991.

And if you choose to say that it was the deluge which carried these shells away from the sea for hundreds of miles, this cannot have happened, since that deluge was caused by rain; because rain naturally forces the rivers to rush towards the sea with all the things they carry with them, and not to bear the dead things of the sea shores to the mountains. And if you choose to say that the deluge afterwards rose with its waters above the mountains, the movement of the sea must have been so sluggish in its rise against the currents of the rivers, that it could not have carried, floating upon it, things heavier than itself; and even if it had supported them, in its receding it would have left them strewn about, in various spots. But how are we to account for the corals which are found every day towards Monte Ferrato in Lombardy, with the holes of the worms in them, sticking to rocks left uncovered by the currents of rivers?
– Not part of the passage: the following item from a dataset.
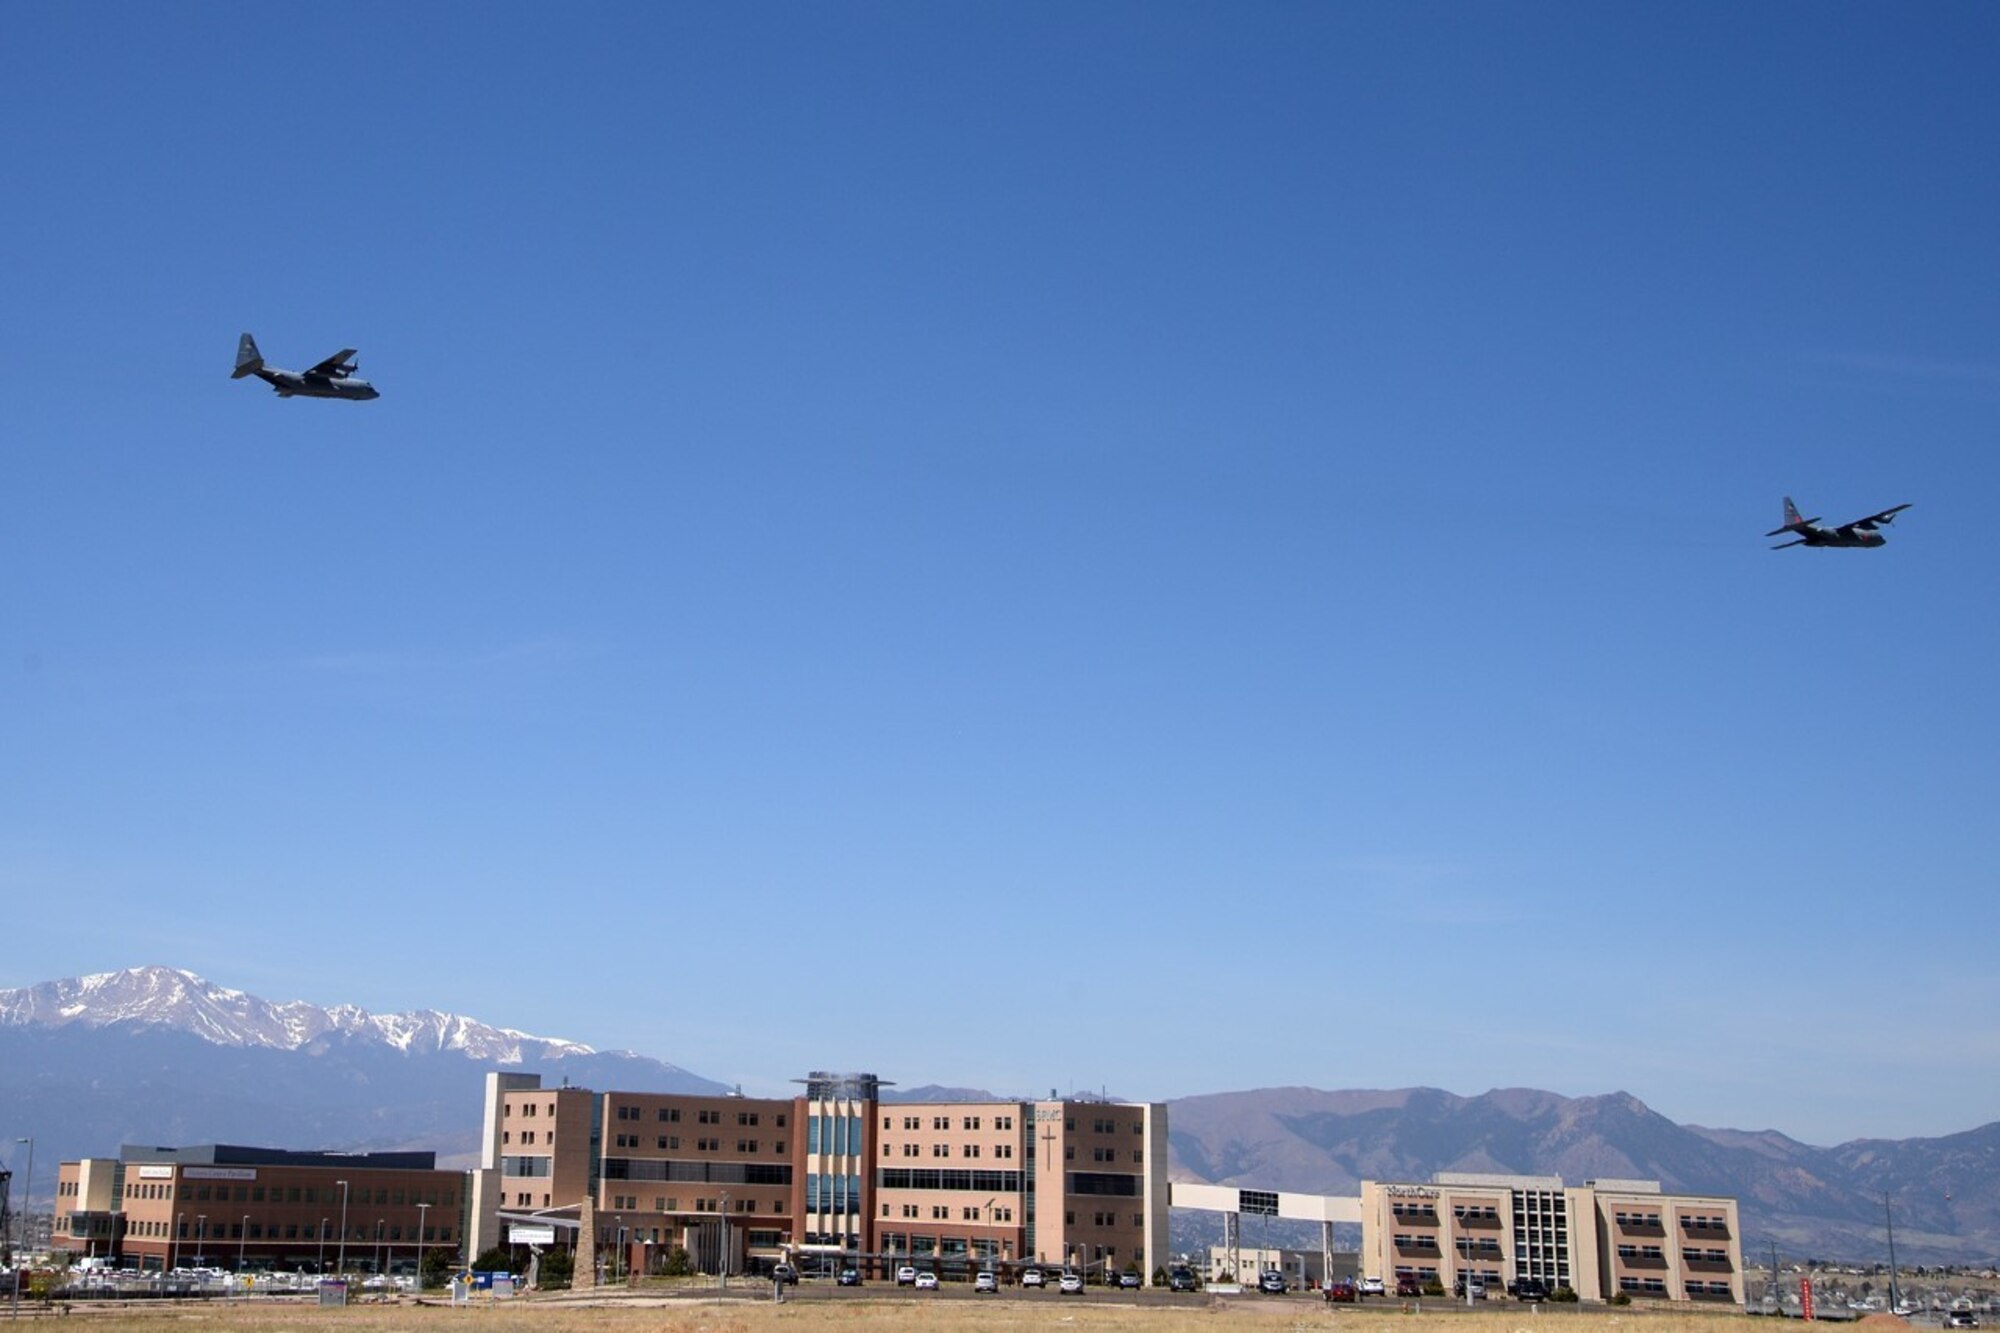 Image shows two large aircraft flying over Colorado Springs hospital

These rocks are all covered with stocks and families of oysters, which as we know, never move, but always remain with one of their halves stuck to a rock, and the other they open to feed themselves on the animalcules that swim in the water, which, hoping to find good feeding ground, become the food of these shells. We do not find that the sand mixed with seaweed has been petrified, because the weed which was mingled with it has shrunk away, and this the Po shows us every day in the debris of its banks.

Other problems (992-994).

992.

Why do we find the bones of great fishes and oysters and corals and various other shells and sea-snails on the high summits of mountains by the sea, just as we find them in low seas?

993.

You now have to prove that the shells cannot have originated if not in salt water, almost all being of that sort; and that the shells in Lombardy are at four levels, and thus it is everywhere, having been made at various times. And they all occur in valleys that open towards the seas.

994.

>From the two lines of shells we are forced to say that the earth indignantly submerged under the sea and so the first layer was made; and then the deluge made the second.

[Footnote: This note is in the early writing of about 1470—1480. On the same sheet are the passages No. 1217 and 1219. Compare also No. 1339. All the foregoing chapters are from Manuscripts of about 1510. This explains the want of connection and the contradiction between this and the foregoing texts.]